🤖 AI Summary
Single-image deraining remains highly challenging due to the structural characteristics of rain streaks, including their multi-scale nature, strong directional patterns, and concentration in the frequency domain. To address this, this work proposes SpectralDiff, a novel framework that introduces structured spectral perturbations during the diffusion process to progressively suppress multi-directional rain components. The method employs a fully multiplicative U-Net architecture, leveraging the convolution theorem to reformulate spatial convolutions as element-wise products in the frequency domain, thereby preserving modeling capacity while significantly enhancing computational efficiency. Extensive experiments demonstrate that SpectralDiff achieves state-of-the-art performance on both synthetic and real-world rainy image datasets, with a more compact model size and faster inference speed compared to existing diffusion-based approaches.
📝 Abstract
Rain streaks manifest as directional and frequency-concentrated structures that overlap across multiple scales, making single-image rain removal particularly challenging.
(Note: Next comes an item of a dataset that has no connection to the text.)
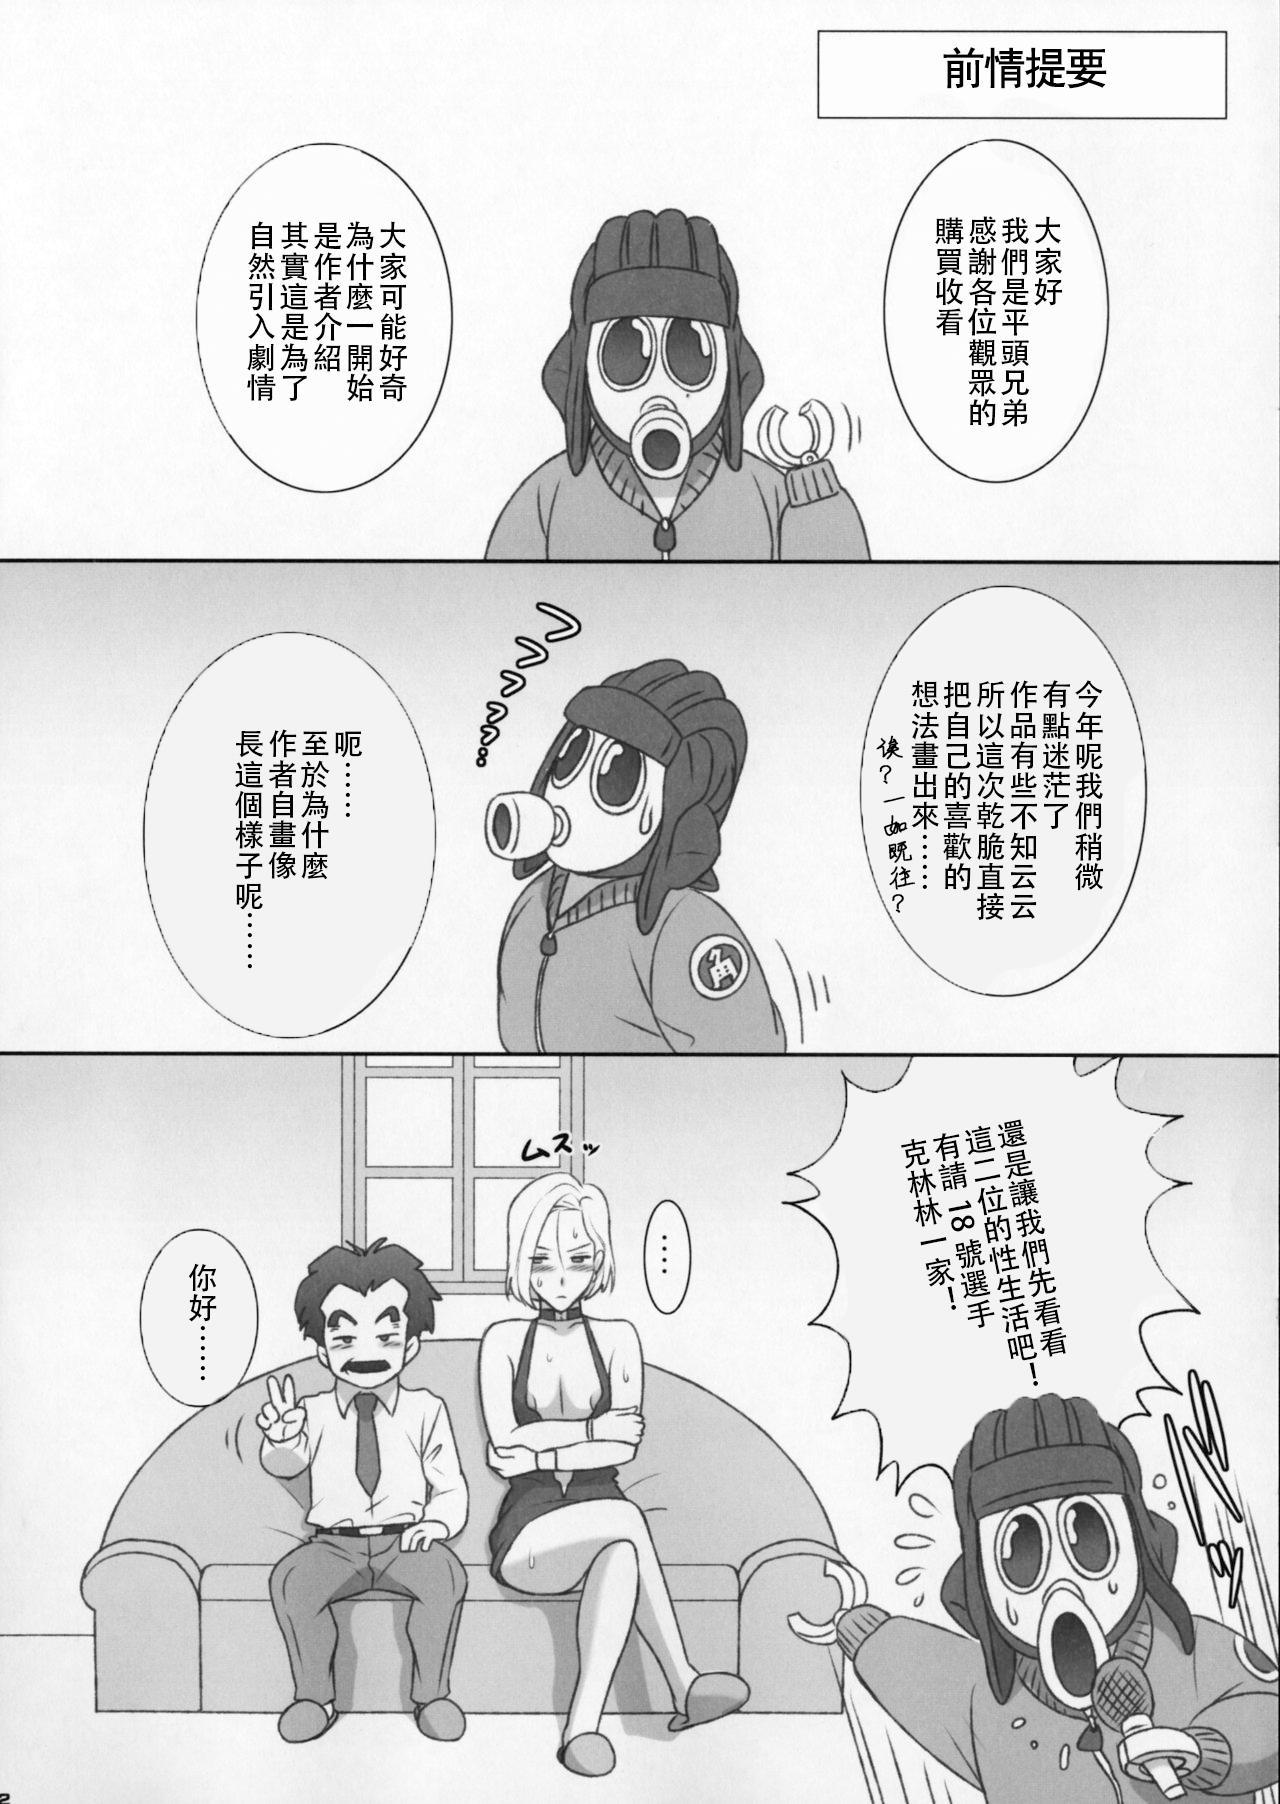 (C91) [Niku Ringo (Kakugari Kyoudai)] NIPPON NYAN NYAN BALL Z (Dragon Ball Z)[Chinese]【不可视汉化】 2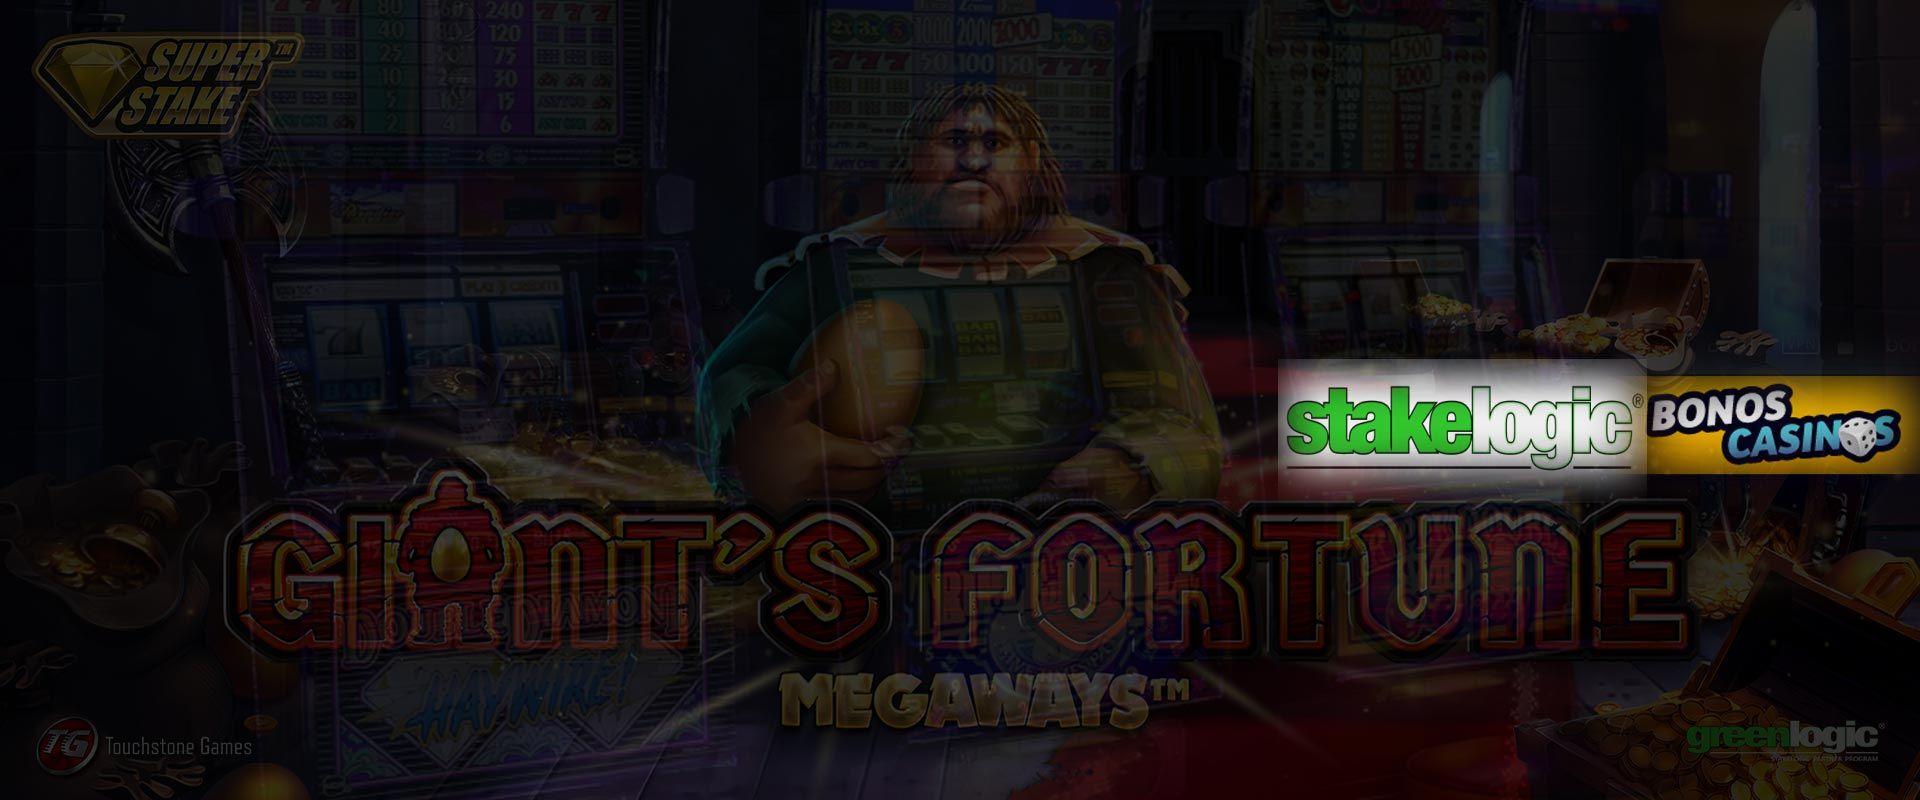 logo de Giant's Fortune Megaways, lo nuevo de Stakelogic

While diffusion-based restoration models provide a powerful framework for progressive denoising, standard spatial-domain diffusion does not explicitly account for such structured spectral characteristics. We introduce SpectralDiff, a spectral-structured diffusion-based framework tailored for single-image rain removal. Rather than redefining the diffusion formulation, our method incorporates structured spectral perturbations to guide the progressive suppression of multi-directional rain components. To support this design, we further propose a full-product U-Net architecture that leverages the convolution theorem to replace convolution operations with element-wise product layers, improving computational efficiency while preserving modeling capacity. Extensive experiments on synthetic and real-world benchmarks demonstrate that SpectralDiff achieves competitive rain removal performance with improved model compactness and favorable inference efficiency compared to existing diffusion-based approaches.